> Problem description
From the listing below, set down exactly the lines between the one holding "Nasa's Mars rover" and the one holding "Emergency management solutions", inclusive. No other line is wanted.

> Data for the task
================================

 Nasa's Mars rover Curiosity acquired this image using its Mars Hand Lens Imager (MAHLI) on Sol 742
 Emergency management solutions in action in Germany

================================

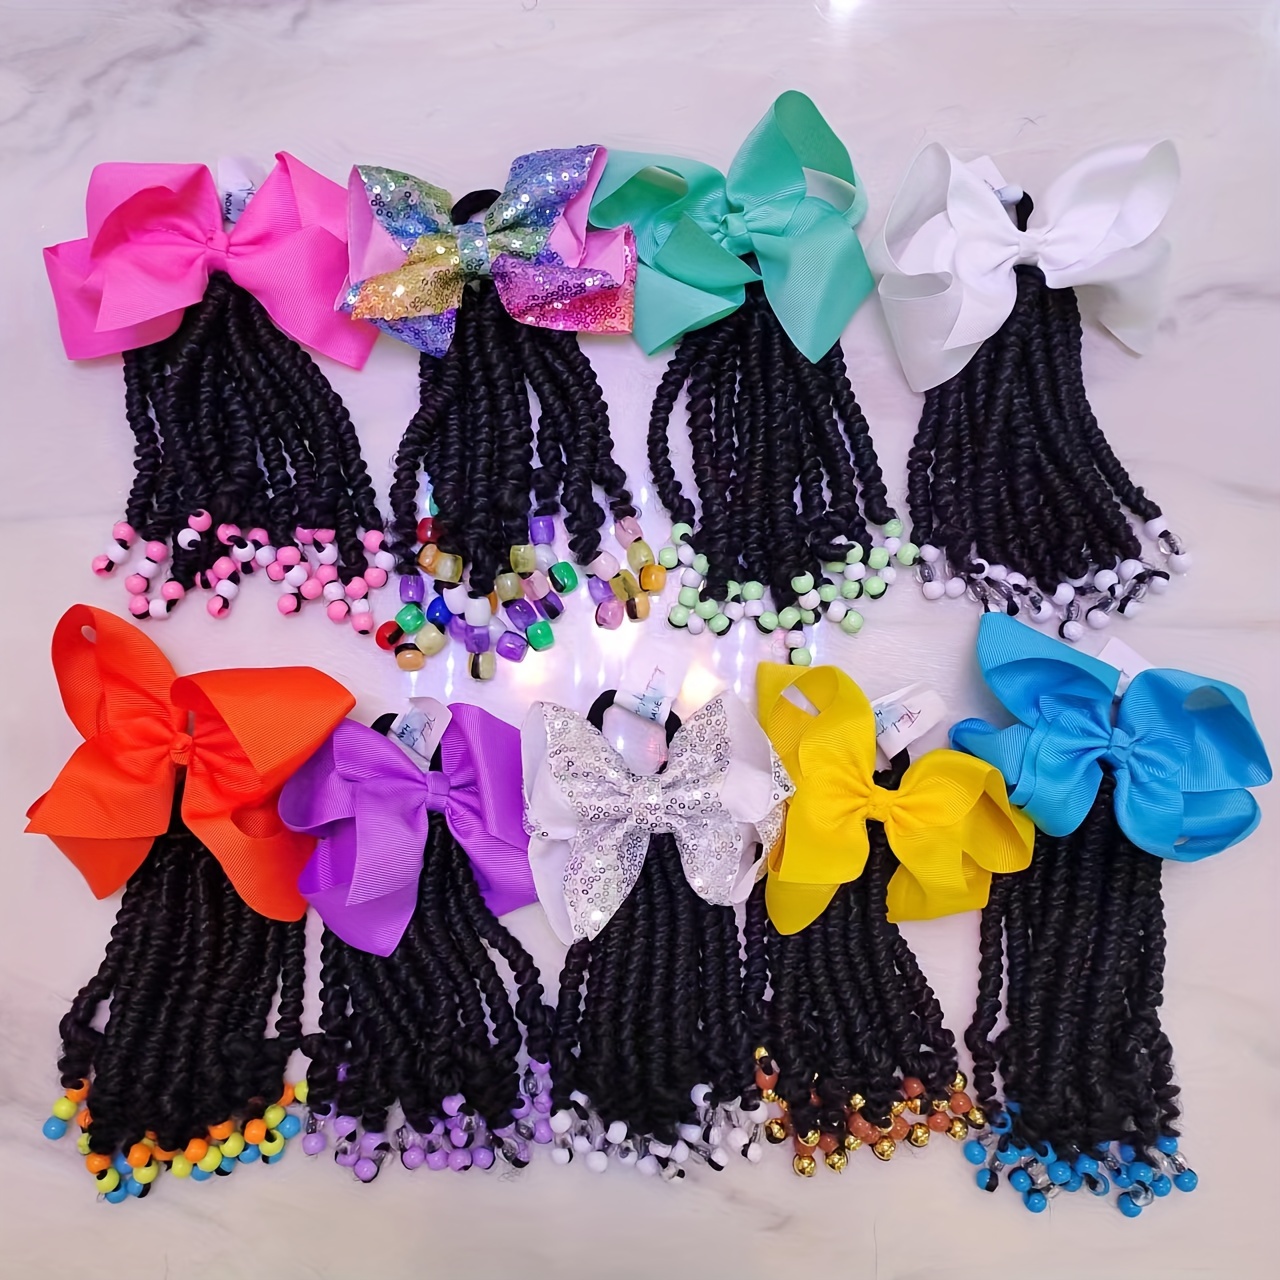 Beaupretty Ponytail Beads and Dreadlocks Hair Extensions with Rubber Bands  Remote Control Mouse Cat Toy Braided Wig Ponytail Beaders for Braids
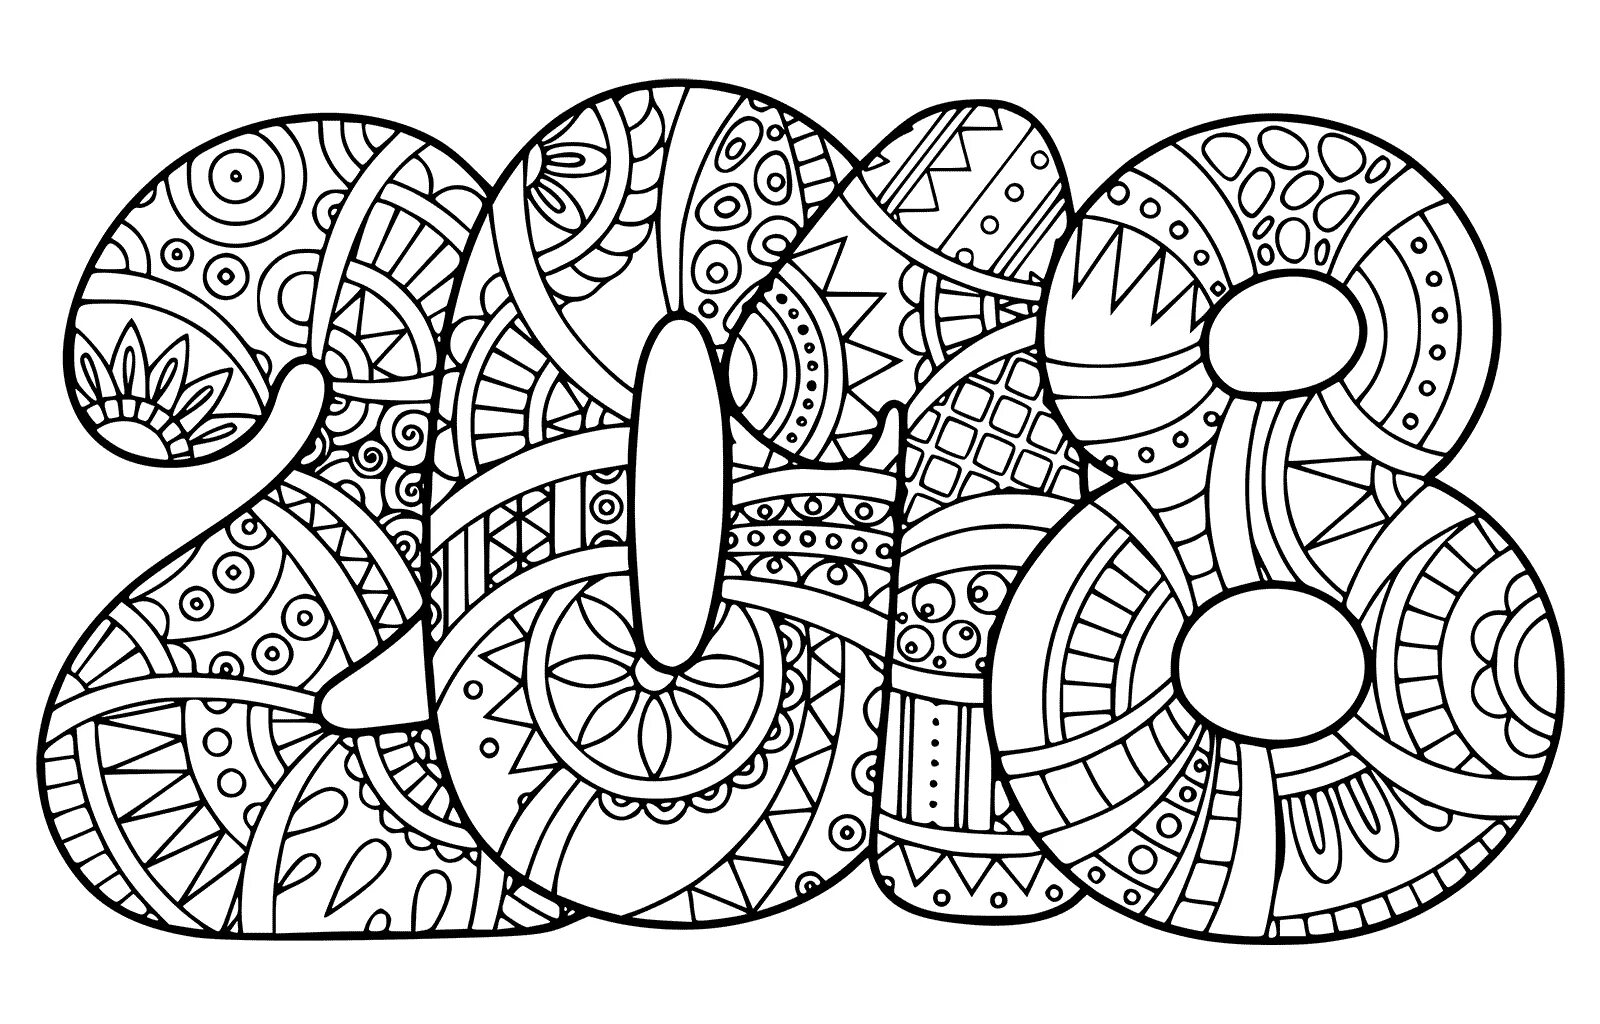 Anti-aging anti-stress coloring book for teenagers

================================

> Your solution
 Nasa's Mars rover Curiosity acquired this image using its Mars Hand Lens Imager (MAHLI) on Sol 742
 Emergency management solutions in action in Germany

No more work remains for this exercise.